Interpretation: From the above table, it can be seen that all the expected counts are greater than 5. Therefore, it can be concluded that chi-square test can be used safely.

(d)

Section 1:

To determine

The null and alternate hypothesis.

Answer to Problem 29RE

Solution: The null and alternate hypothesis is as follows:

$\begin{array}{c}{H}_0:\left(\begin{array}{l}\text{There is no relationship between the}\\ \text{members complaining and leaving HMO}\end{array}\right)\\ H_1:\left(\begin{array}{l}\text{There is a relationship between the}\\ \text{members complaining and leaving HMO}\end{array}\right)\end{array}$

Explanation of Solution

The Null hypothesis states that there is no difference or relationship between any two factors, whereas the alternate hypothesis suggests that there is a significant relationship between the two factors.

Section 2:

To determine

To find: The degrees of freedom of the test.

Answer to Problem 29RE

Solution: The degrees of freedom is 2.

Explanation of Solution

Calculation:

Compute the degree of freedom as follows:

$\begin{array}{c}\text{Degrees of freedom}=(\text{Number of rows}-1)\times (Numberofcolumns-1)\\ =(2-1)\times (3-1)\\ =2\end{array}$

Therefore, it can be concluded that the degrees of freedom of the test are 2.

Section 3:

To Test: The significance of the chi-square test statistic.

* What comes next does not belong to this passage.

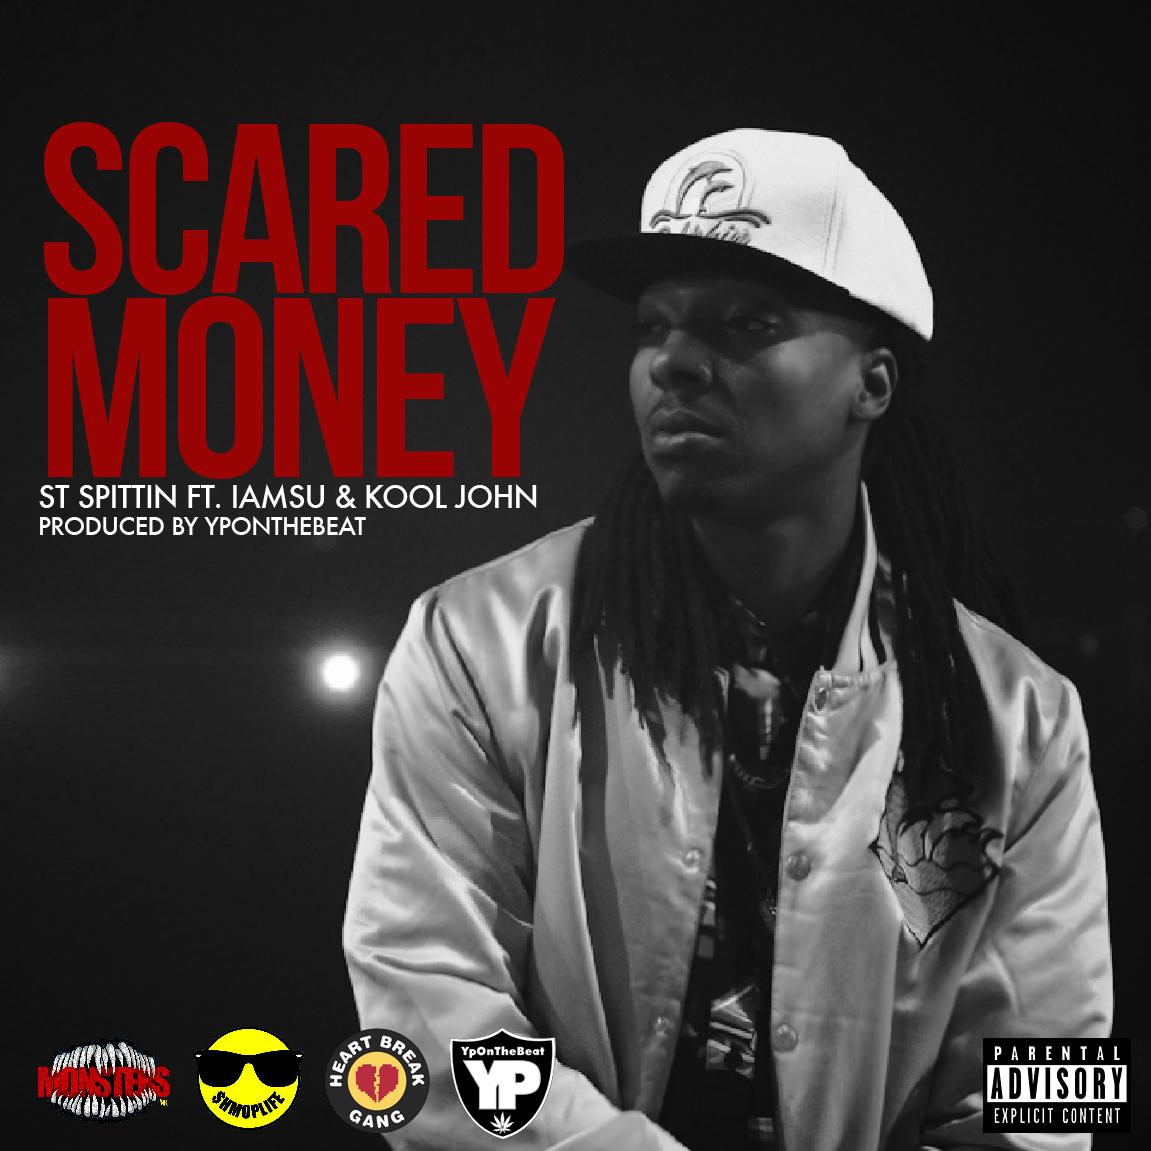 ST Spittin ft. iamsu! & Kool John - Scared Money (prod. YPOnTheBeat) [Thizzler.com Exclusive]

Solution: Yes, the result is significant.

Explanation:

Calculation:

The ${\chi }^2$ statistic is provided as 31.765. The degrees of freedom obtained in section 2 of part (d) is 2. The critical value of the chi-square statistic at 2 degrees of freedom is 5.991. As the provided test statistic value is greater than the critical value so the null hypothesis will be rejected at 5% level of significance.

Conclusion:

Since, the null hypothesis is rejected, it can be concluded that the test is significant.

Section 4:

To explain: The relationship between complaints and people leaving HMO.

Solution: There is a significant relationship between complaints and people leaving HMO.

Explanation: The null and alternate hypothesis stated in section 1 of part (d) is as follows:

$\begin{array}{c}{H}_0:\left(\begin{array}{l}\text{There is no relationship between the}\\ \text{members complaining and leaving HMO}\end{array}\right)\\ H_1:\left(\begin{array}{l}\text{There is a relationship between the}\\ \text{members complaining and leaving HMO}\end{array}\right)\end{array}$

In addition, according to the results in section 3 of part (d), the null hypothesis was rejected.

Since the null hypothesis is rejected, it can be stated that it is wrong to say that there is no relationship between members complaining and leaving HMO.